Chronicles of Charlotte



Completed December 2022

BOY PARTS

ELIZA CLARK

I didn't plan to write this entry at first. As I started to read, I found Boy Parts interesting enough, but I didn't expect it would have that much impact on me by the end. And yet, here I am a few weeks after finishing, still thinking about this book. At this point I think I need to write something just to get it out of my system.

To say that our narrator, Irina, is difficult to like would be an understatement. She is selfish, judgemental, uncaring and rude. Her only priorities are her own desires and her work as a photographer. The surrounding cast isn't much better – again, self-interest is rife and there was nobody I found myself truly rooting for. Usually this is a recipe for disaster, and sure enough the lack of sympathy I felt for the characters did mar my engagement with the story initially. But in hindsight, I am so glad that Irina was written the way she was, because her narcissism paved the way for a truly unique read.

Her perspective, although difficult to stomach, became more captivating as the plot developed. It emerged that she was the ultimate unreliable narrator, twisting our understanding of every event that occurred. This also cast doubt on my distaste towards the adjacent characters – were they really as unpleasant as Irina portrays them? Our perspective is dependent entirely on her filter, which we realise is as critical and unsympathetic as they come.

This chaotic approach to the truth was the most interesting aspect of the novel for me. Initially I assumed her dismissal of how her choices affect others was simply down to her ego, but there's something else at play... it emerges that Irina may be questioning her own sanity. This is reinforced by her constant disregard for her safety. At no point does she show fear in the danger she finds herself in, which is unsurprising if she believes that the world around her isn't, in fact, real.

At times, it feels like her actions face no consequences. The novel begins with her workday being disrupted by a mother furious at Irina's photoshoot of her son – who has lied about being above the age of consent. This felt like the set up of a problem which could escalate throughout the novel, and I was left imagining a police visit, an arrest, even a trial? But no, she is assured the photos have been deleted and is never heard from again. This pattern repeats itself throughout the story, whether it be when those who Irina harms fail to hold her responsible (a man she attacks is sent to hospital but never presses charges, a fellow photographer she sexually assaults texts her the next day as if their liaison was just wilder than he expected), or when others hurt her and she shrugs it off as nothing out of the norm (even when she is raped by a friend she thought she could trust).

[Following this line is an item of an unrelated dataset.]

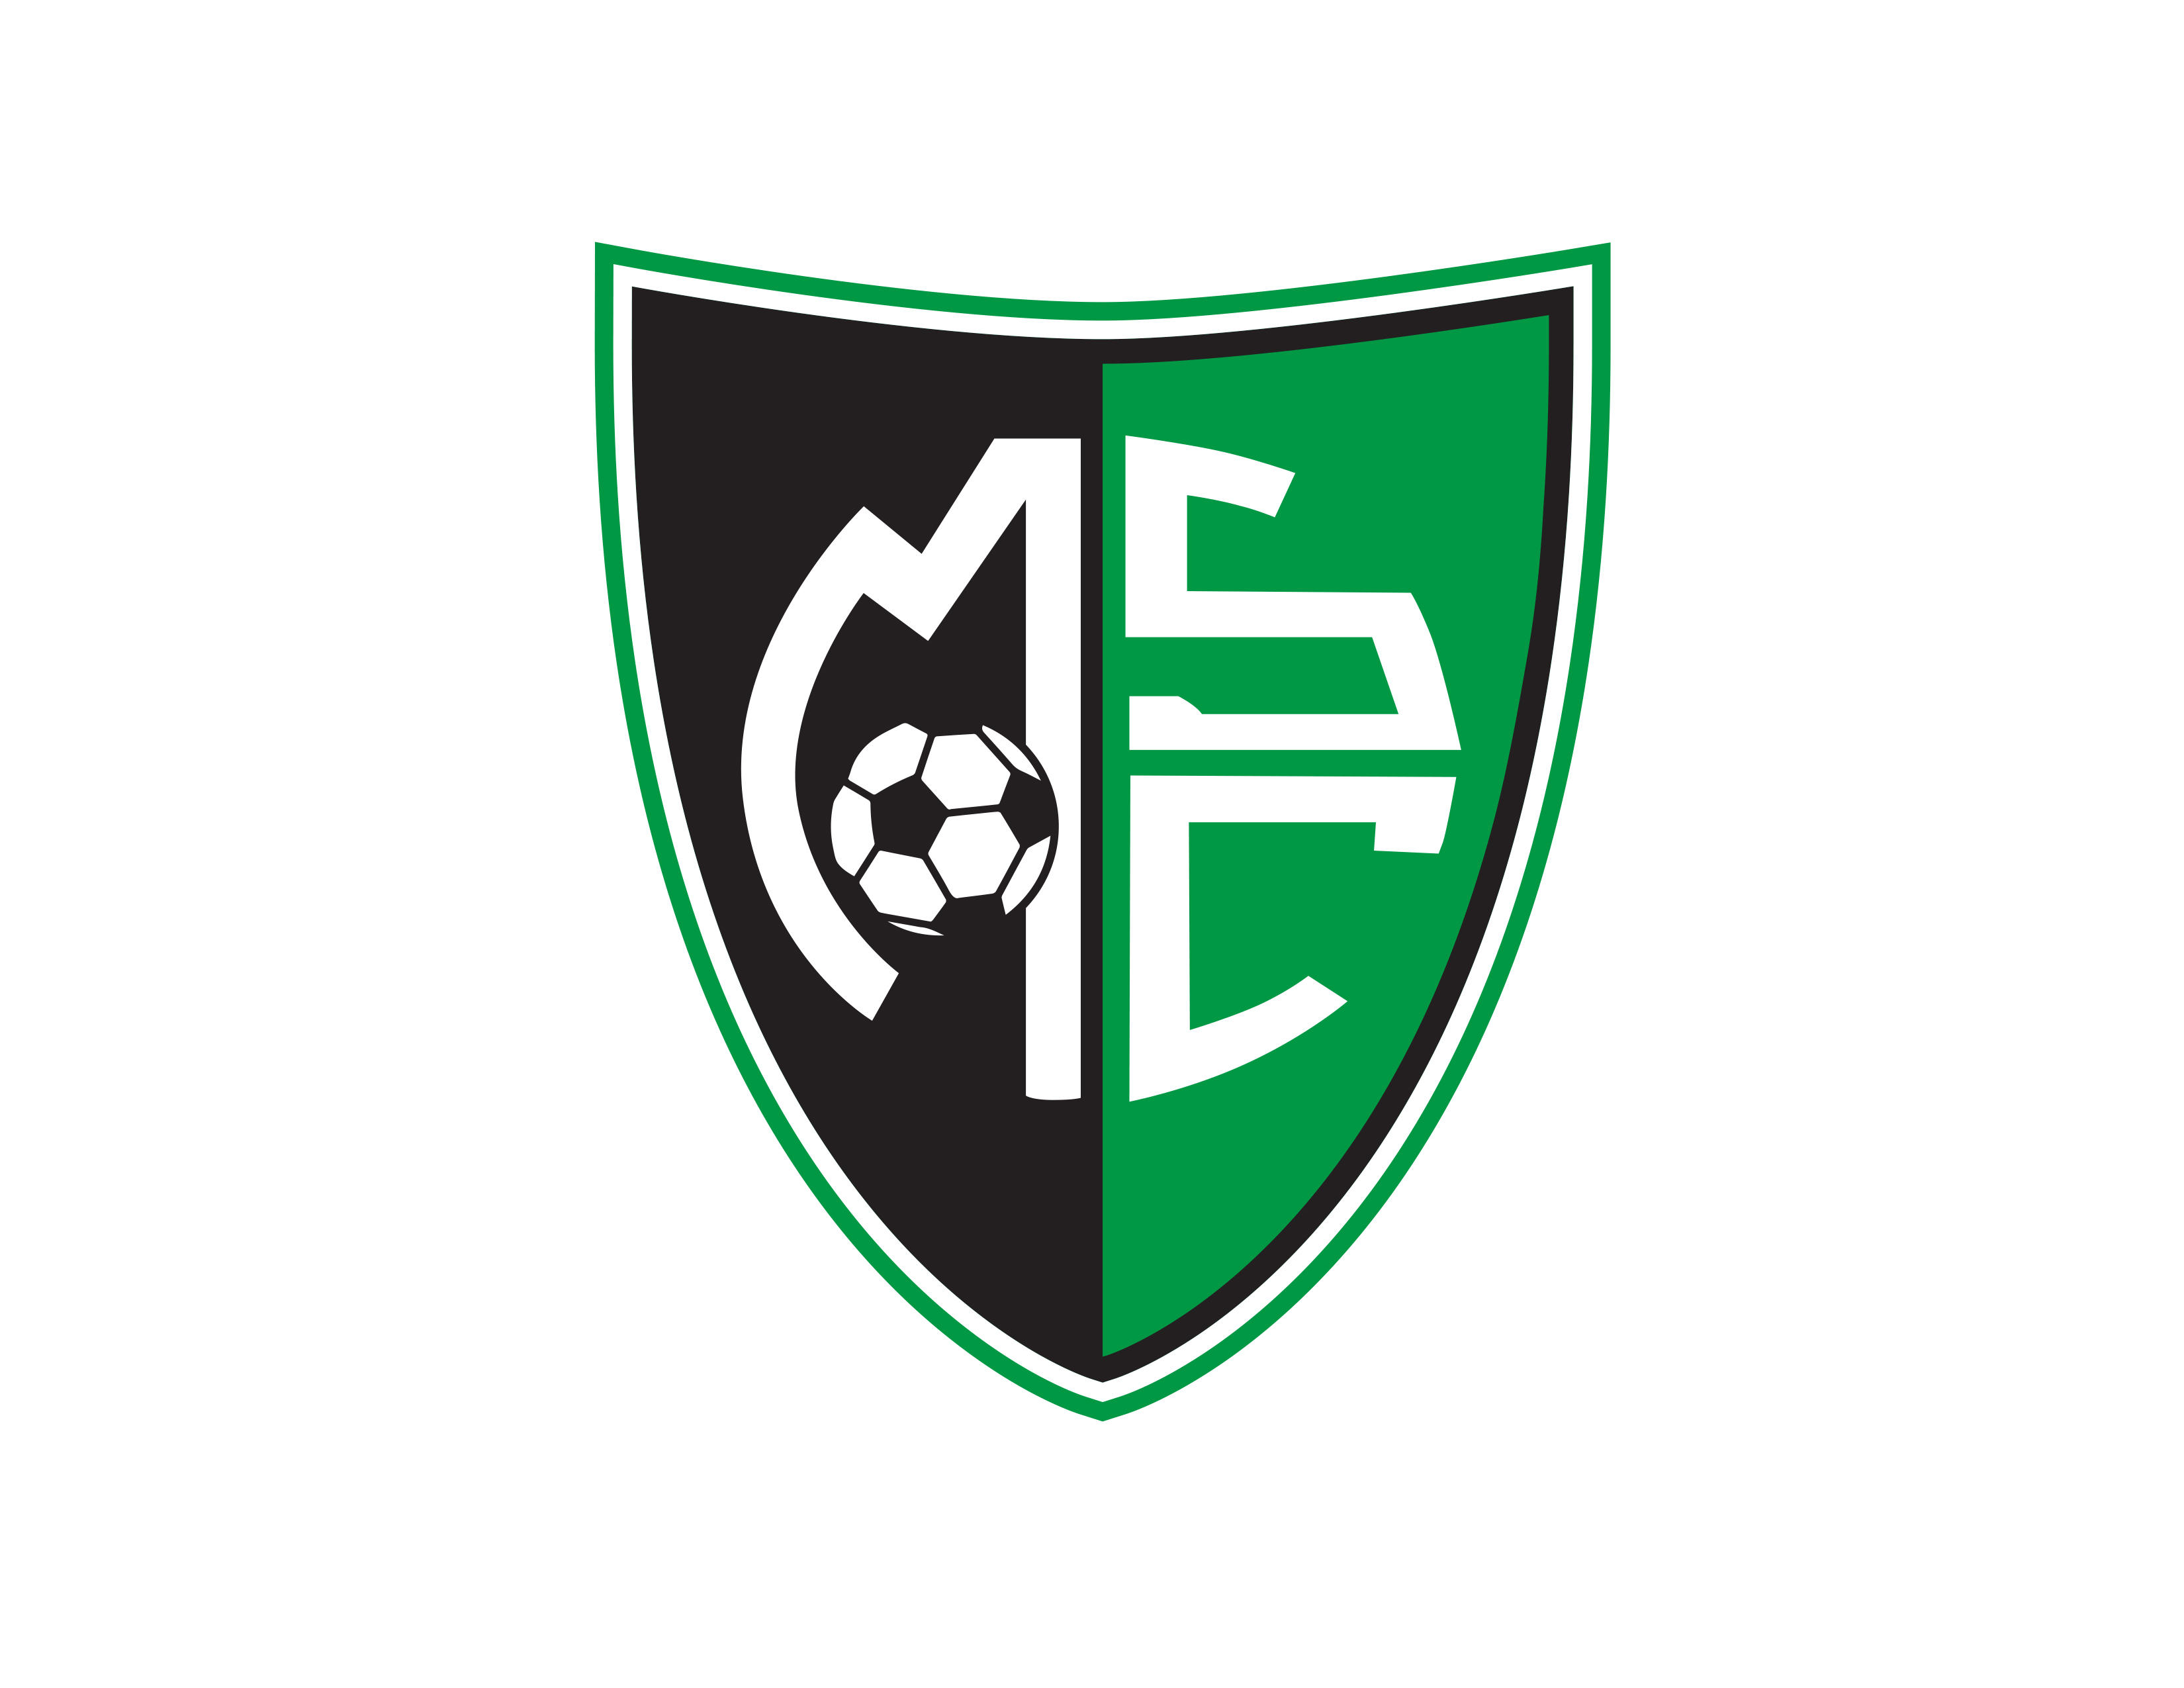 Midland Soccer Club has an immediate need for a concession manager

This lack of any repercussions creates a circling nature to the plot and imparts a dreamlike quality. This culminates in her gradual recollection of her meeting with a homeless boy, who she invites to her home under the pretence of offering him work as a model, a decision which eventually leads her to committing his murder. Her descriptions of such a horrifying act are presented matter-of-factly, in a tone passive enough to make the skin crawl.

But there is conflict in her portrayal, the narrative betraying guilt through her recurrent visions of her victims. Even if she desires to present to us as her audience as totally unfeeling, she would not be haunted by him in such a way if she was – in denial or not. And when she returns to where hid the skull only to find it missing, we are once again left asking whether it ever happened at all, or if it is simply an extension of her cold-blooded fantasies.

The core of the plot comes down to exploring her agency in the world. Irina feels totally powerless, as evidenced by her frustration at those around her failing to take her seriously. Her work reveals that the essence of this feeling is her gender, which time and again leads to her being dismissed as irrelevant and unthreatening (despite her height, build, courage, intelligence – the list goes on). Therefore she goes out of her way to make vulnerable those who make her feel at her weakest – men – at first through her photography and later, when this no longer satisfies, through violence.

There is power in not caring – in the agency it brings. And there is power in her disregard for gender roles. In a way, this is such a shame as her work could have been a truly groundbreaking exploration of female agency in a patriarchal society. And yet it instead descended into indulgence of her mental illness.

The ultimate barrier to Irina's desperation to be understood is the fact she doesn't understand herself. And why would she, when her choices feel so utterly futile?

“Do I have to smash a glass over the head of every single man I come into contact with, just so I leave a fucking mark?”